175 Flinders Ln Melbourne, VIC 3000
|Opening hours||Daily 11am-late|
|Features||Bar, Accepts bookings|
|Prices||Expensive (mains over $40)|
|Payments||eftpos, AMEX, Cash, Visa, Mastercard|
|Phone||03 9671 4888|
There's a paradox at the heart of Kisume's chef's table. The luxurious 12-seat communal dining counter is on the top level of the multi-zoned Japanese eatery owned by restaurant ringmaster Chris Lucas (Chin Chin, Hawker Hall).
On the one hand, there are very few places in Melbourne that so deeply revere Japanese dining culture. And yet you would not, could not, will never find a restaurant quite like this in Japan – it's actually as Melbourne as avoiding PSOs on the 96 tram.
Let's look first at what is Japanese, your $195 ticket to Tokyo, if you will. There is just one offering, a 19-course omakase (chef's selection) that is a progression of (mostly) sushi dishes. They're conceived by Shinya Nakano, a Kyoto-trained sushi chef who spent eight years at Melbourne's Nobu before joining Kisume 18 months ago.
Nakano's awe-inspiring knifework, his reverent attitude to rice, seafood and wagyu beef, his deft application of heat, whether by blowtorch or hot charcoal, the contiguity of modesty and mastery, all this is very Japanese.
But you're long-hauled back to marvellous Melbourne by other aspects of the experience. The sushi dishes showcase sublime seafood and rice but from Australian and New Zealand waters and most morsels are far from traditional.
Oysters bathed in champagne sabayon (a foamed sauce of egg yolk and wine) are a French classic. Here the champagne is subbed for premium sake while yuzu, a Japanese citrus, brings spark. A good oyster is already transporting; this is warp speed.
Calamari – scored so finely it looks pleated – is seared and served over rice with a dab of housemade XO sauce, a Hong-Kong-style dried seafood condiment.
Tasmanian bluefin tuna is in season now and toro – the fatty belly – is aged five days to intensify the flavour. Radically, Nakano serves a 'double toro' nigiri, with a raw slice of tuna belly laid over rice, and another torched slice laid crosswise over that. On top is a tiny mound of shibazuke, a famous eggplant and shiso pickle from Ohara, outside Kyoto, crowned with a teeny pile of caviar. The flavour balance is exceptional: the salty funk of the pickle, clean pop of the caviar, the light char and raw smoothness of the fish.
There's harmony and skill but also a wildness. If we see sushi chefs as an intense, formal symphony orchestra, this dish is as though a first violinist suddenly ripped free of his tux, picked up an electric guitar and strutted shirtless through a thrilling solo. All the technique is there, all the classical underpinnings, but the expression is untrammelled and free.
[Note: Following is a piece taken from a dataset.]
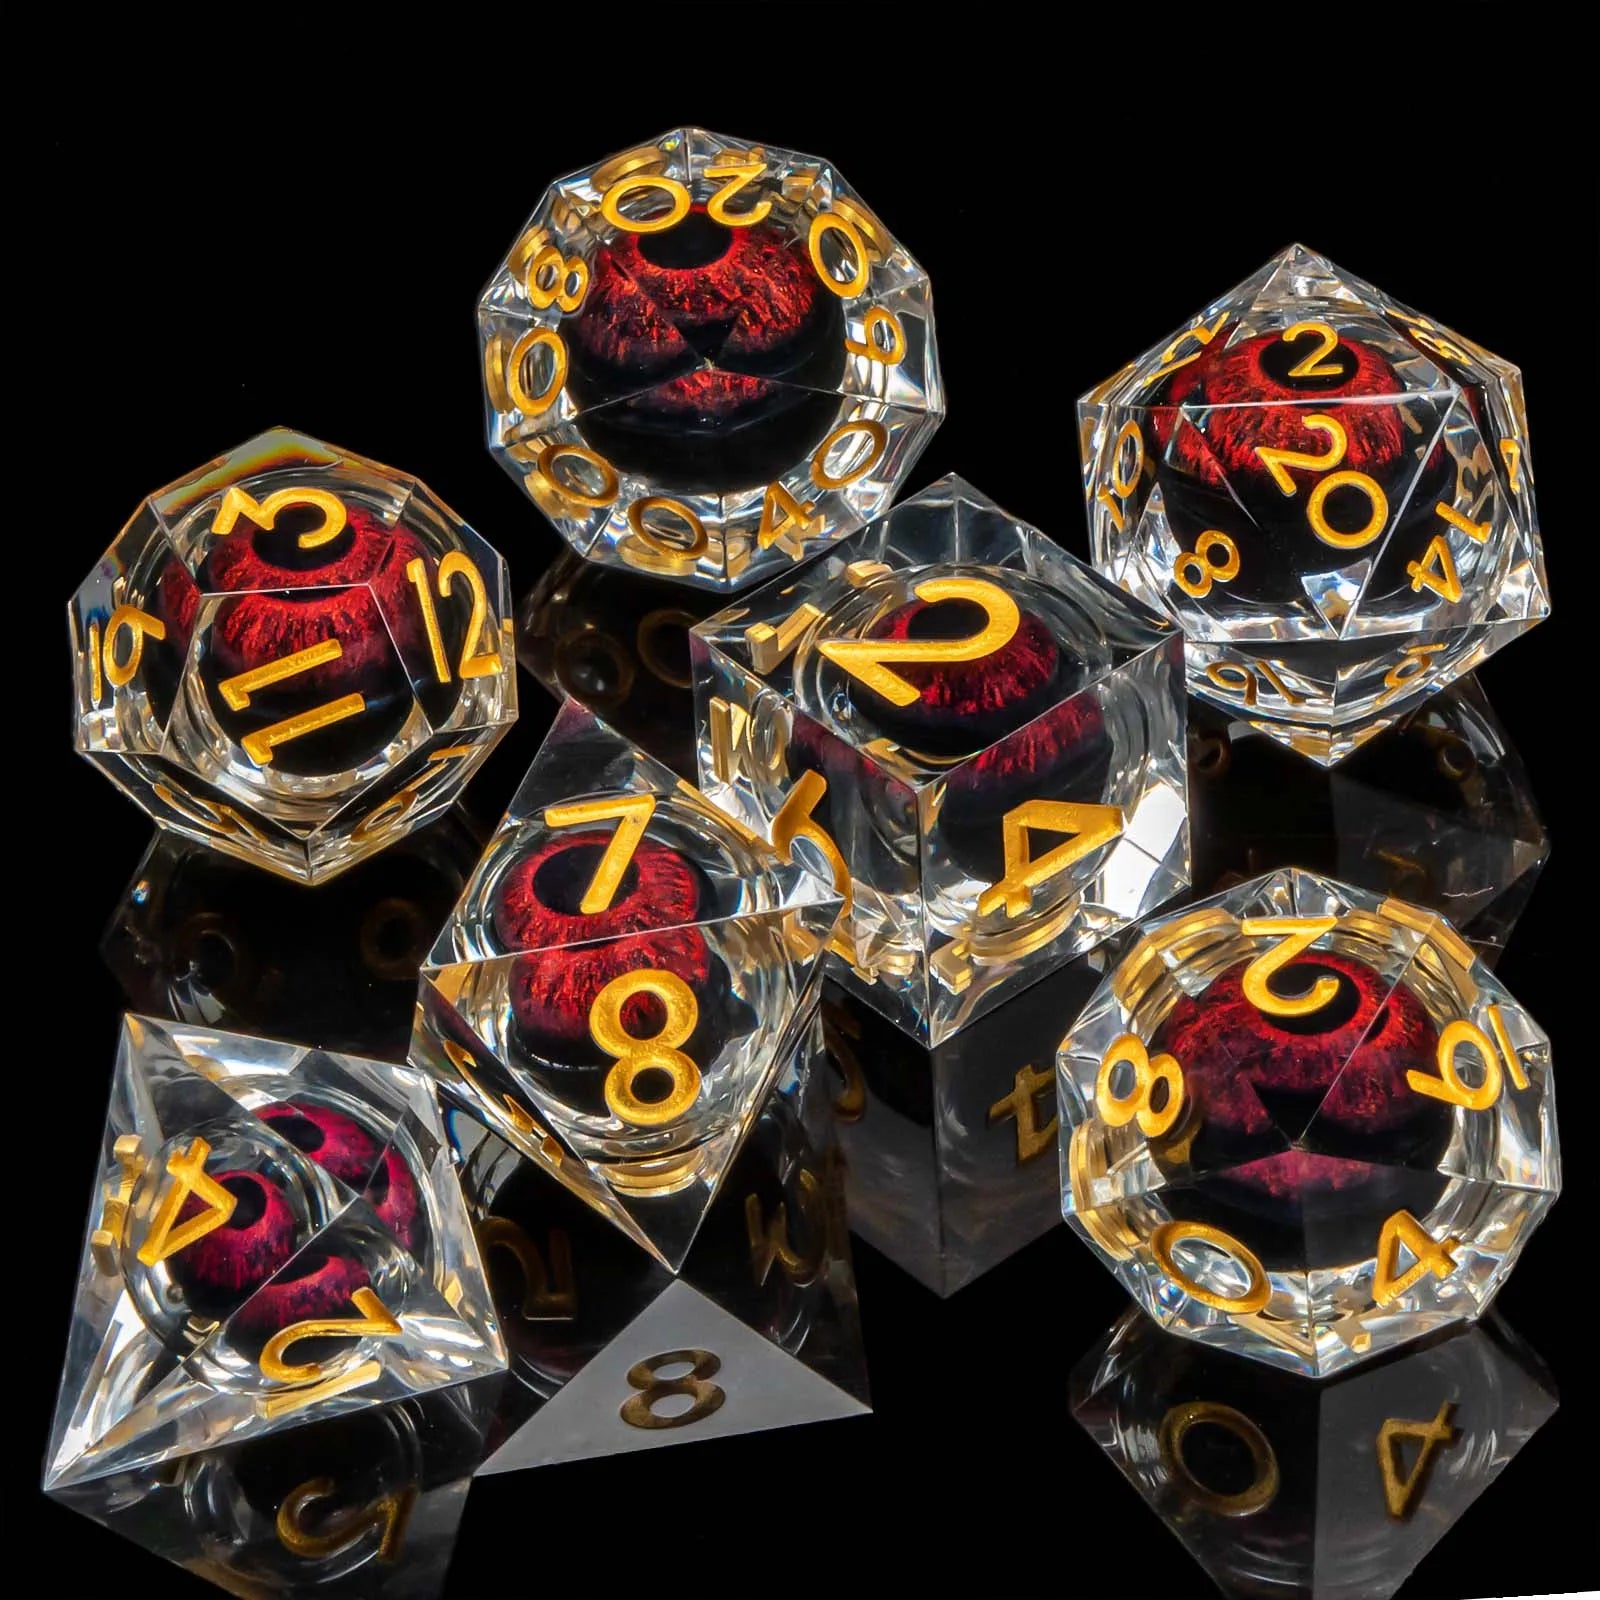 DND Eye Liquid Flow Core Resin D&D Dice Set For D and D Dungeon and Dragon Pathfinder Table Role Playing Game Polyhedral Dice AZ16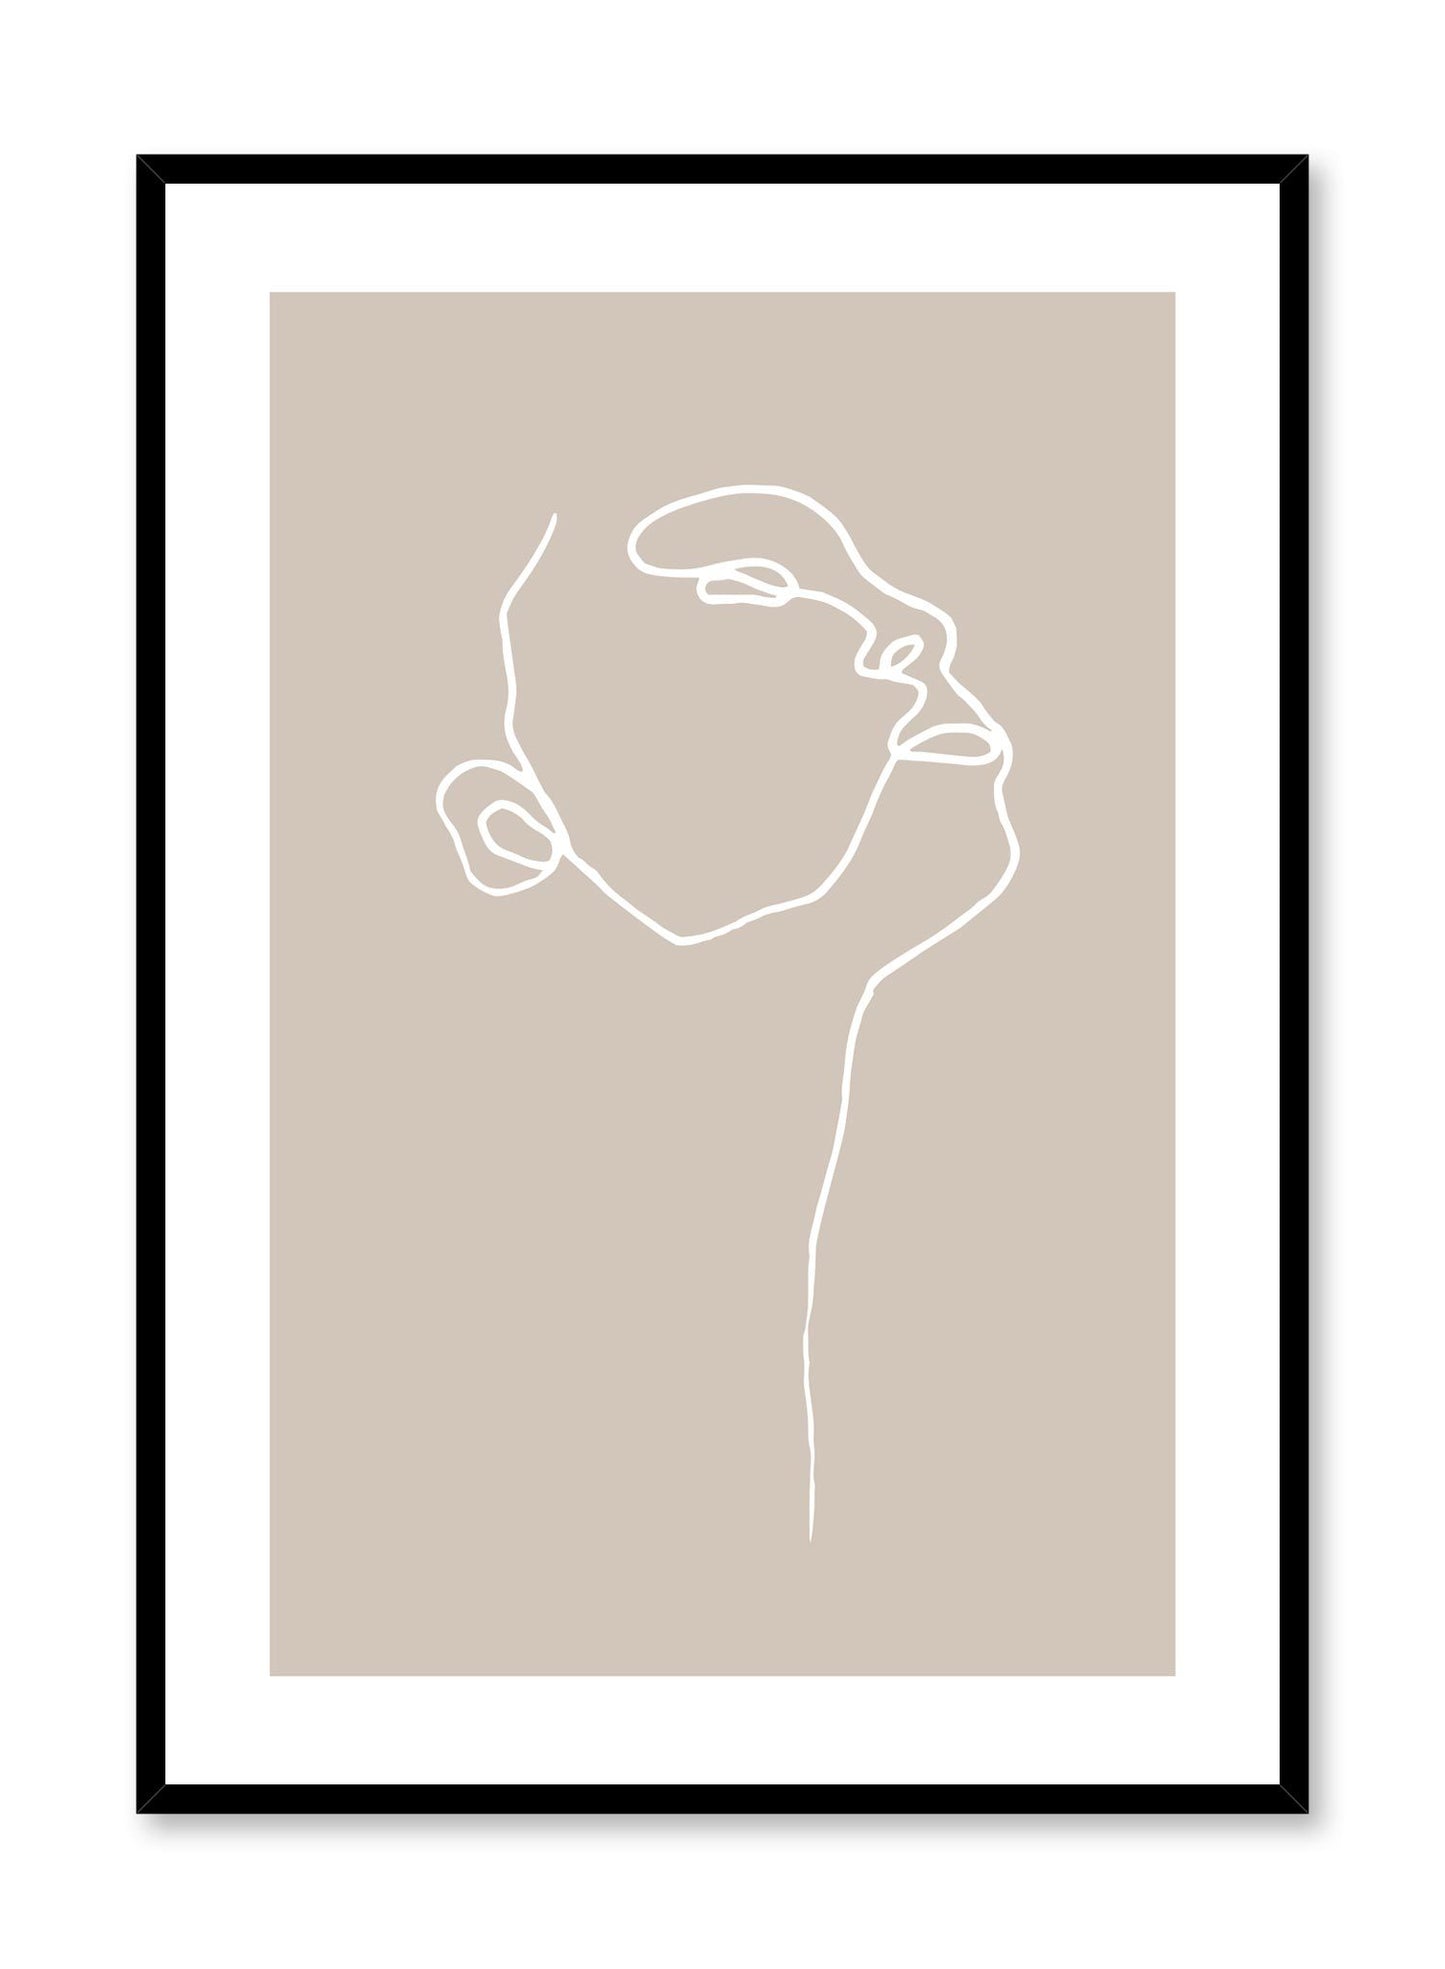 Modern minimalist poster by Opposite Wall with abstract illustration of Profile on orange tan background

Creativity also shines through in the astonishing vessels: asymmetrical, architectural, almost as exciting as the food. Even the structure of the meal is unusual, with diners eating in sessions, as though they had tickets to a performance – and they do.
The drinks matches pluck from Kisume's adjacent Chablis bar, as well as a lovably rogue sake list.
Desserts are brilliant; rice ice-cream is cloaked in green apple 'snow' and sits on a sweet, crunchy porridge of fried buckwheat sluiced with miso caramel.
Authenticity is a furphy. Kisume instead poses this question: what, actually, is the point of recreating one place in another? Surely Australia's culinary energy comes in large part from contextual rethinks. This culinary highwire act uses a deep respect for tradition to broaden what's possible with Australian produce in a Melbourne setting. The results are exhilarating.